Фотография стенографического дневника жены Достоевского
Фотография стенографического дневника жены Достоевского

В запасниках Российского государственной библиотеки лежали две старых-престарых коленкоровых тетради с пожелтевшими страницами, испещренными непонятными знаками. Помещение было заставлено и завалено рукописями, документами и книгами Достоевского, это был его отдел. Но плохо сохранившиеся, изрисованные профилями и готическими замками-стрелами рукописи были исписаны обычным человеческим почерком. В этих же двух тетрадках было написано незнамо что. И до поры до времени никто ими особо не интересовался.

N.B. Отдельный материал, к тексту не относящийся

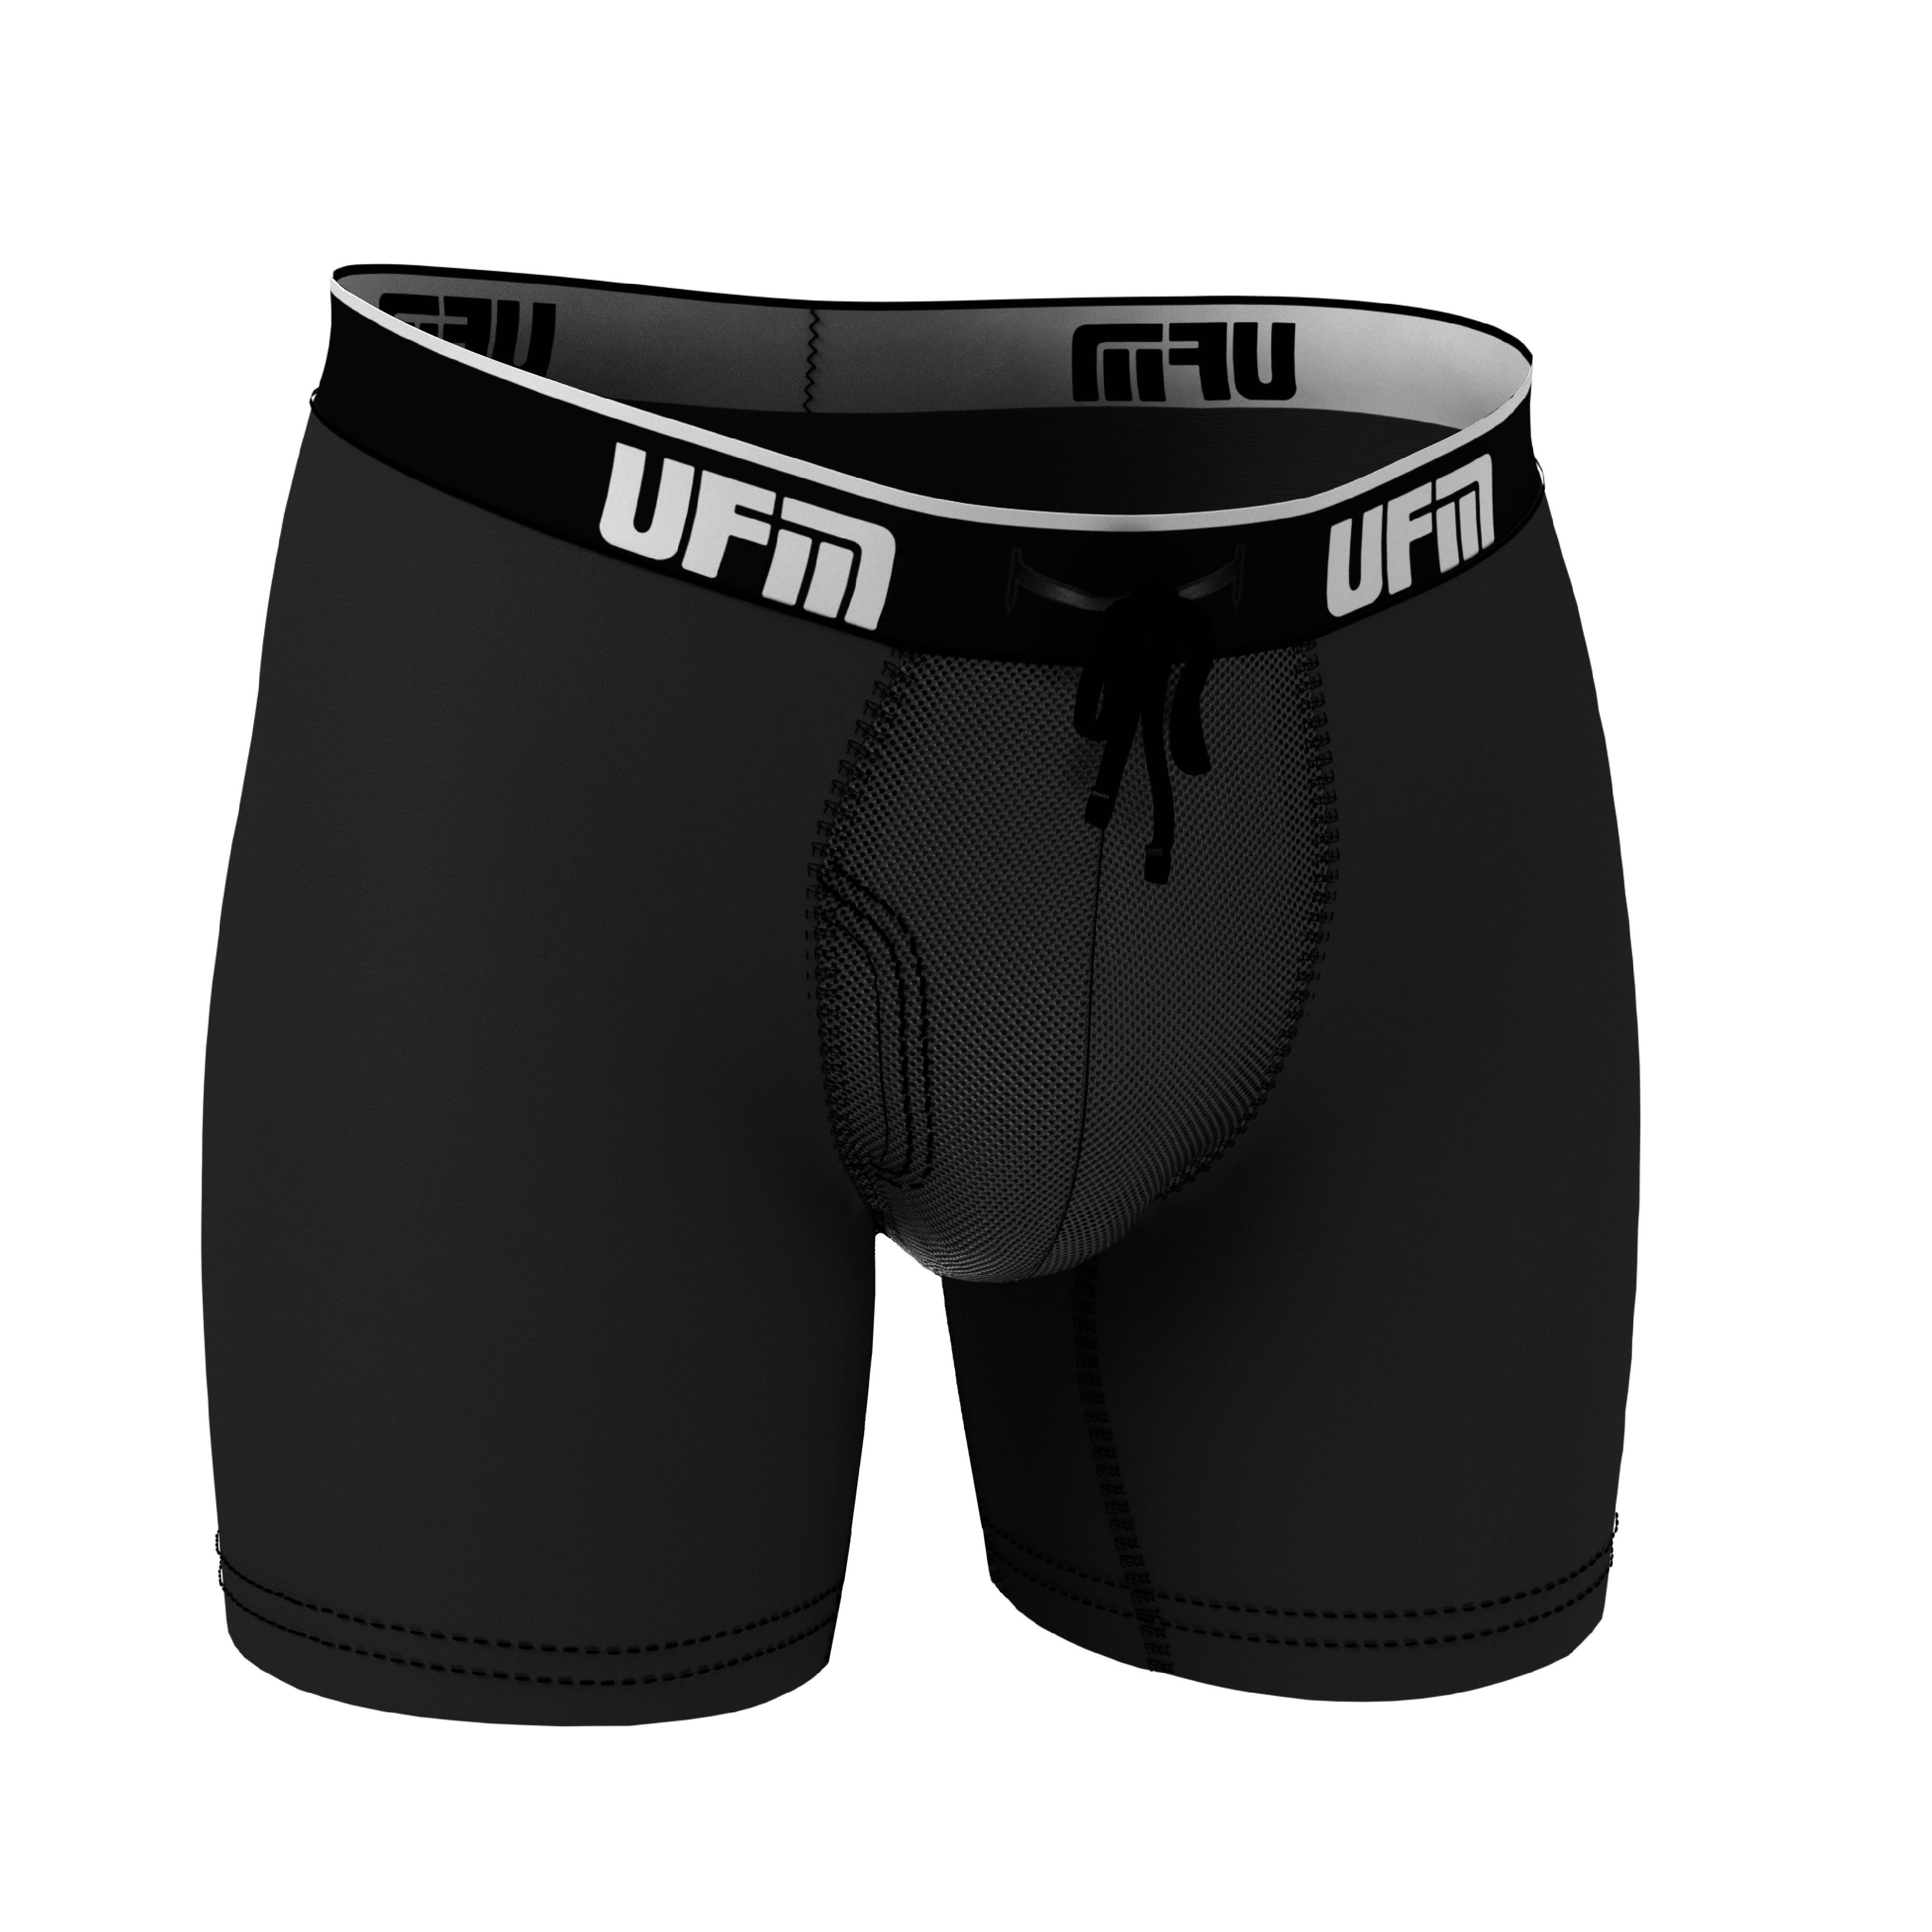 UFM Mens Underwear, 6 Inch Inseam Poly-Spandex Mens Boxer Briefs,  Adjustable REG Support Pouch Mens Boxers, 44-46(2XL) Waist, Black
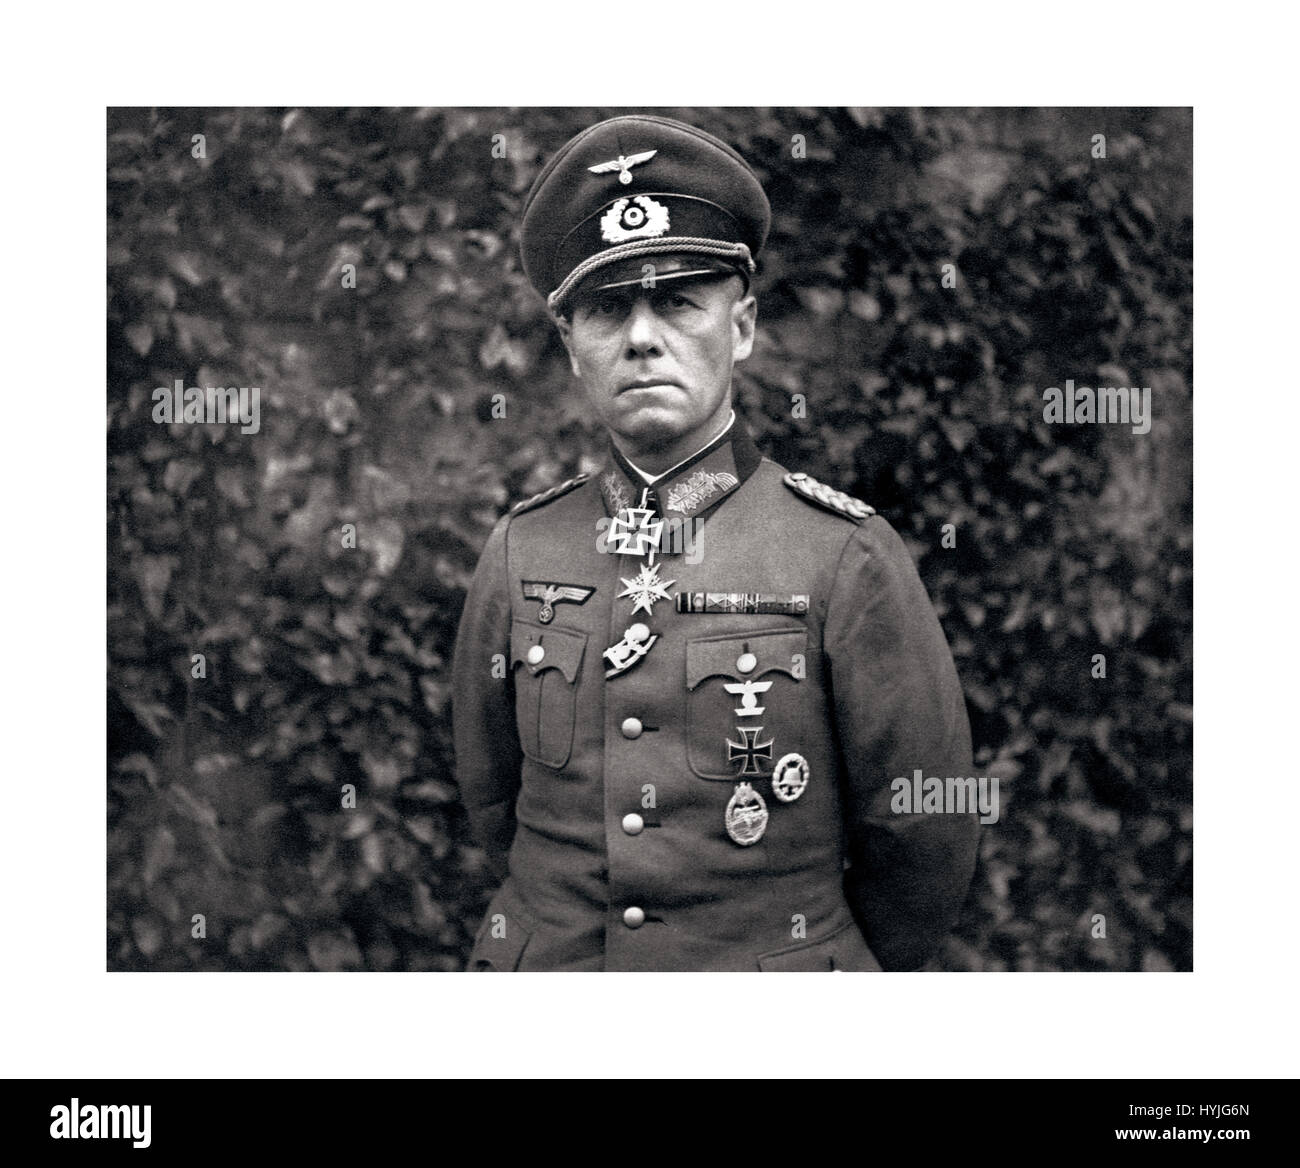 Maresciallo di Campo ROMMEL Guerra Mondiale 2: Erwin Rommel in uniforme che indossa il tedesco della croce di ferro medaglia nella foto poco prima della sua "suicide' Ott 1944 ha servito come maresciallo di campo in la Wehrmacht della Germania nazista durante la Seconda Guerra Mondiale. Considerata da molti la lotta con onore nella faccia del nazismo Foto Stock

Если бы тетрадки и книги, как предполагают иногда фантасты и сказочники, умели разговаривать или показывать свое содержимое, то иногда по вечерам служащие архива могли бы увидеть череду сцен с участием немолодого, скорее худощавого, чем полного, и явно задерганного жизнью мужчины с приглаженными рыжеватыми волосами и какими-то неловкими порывистыми движениями. Еще бы в них участвовала молодая женщина в темном платье, небрежно причесанная, которая иногда слишком громко смеялась, иногда плакала и временами сидела, неподвижно глядя в стенку. "Живые картинки" из первой коленкоровой тетрадки выглядели бы поприличней, как будто их герои "посетили" курсы этикета или хороших манер. А вот "картинки" из второй тетрадки выглядели бы слишком резкими, тревожными, часто выходящими за рамки приличий - их персонажи громко спорили, резко жестикулировали, часто поворачивались друг к другу спиной и даже, поссорившись где-нибудь на улице, расходились в разные стороны.

На самом деле этих тетрадок вообще не должно было бы существовать. Когда-то, много лет назад, женщина, которой они принадлежали, попросила в своем завещании их уничтожить, так как все равно никто не сможет их расшифровать и прочесть. Она сама "билась" над их расшифровкой почти 18 лет, правда, иногда делая многолетние паузы между своими попытками. Заниматься расшифровкой было непросто; содержимое тетрадок пробуждало глубинные, болезненные и, казалось бы, давно позабытые воспоминания. Да и “справиться” с шифром было очень сложно, хотя она сама когда-то, очень давно, его изобрела. В результате самая последняя тетрадка из четырех (ведь когда-то тетрадок было четыре) осталась и вовсе нерасшифрованной (в скобках заметим, что это была та самая тетрадь, в которой персонажи так и не прошли "школы хороших манер").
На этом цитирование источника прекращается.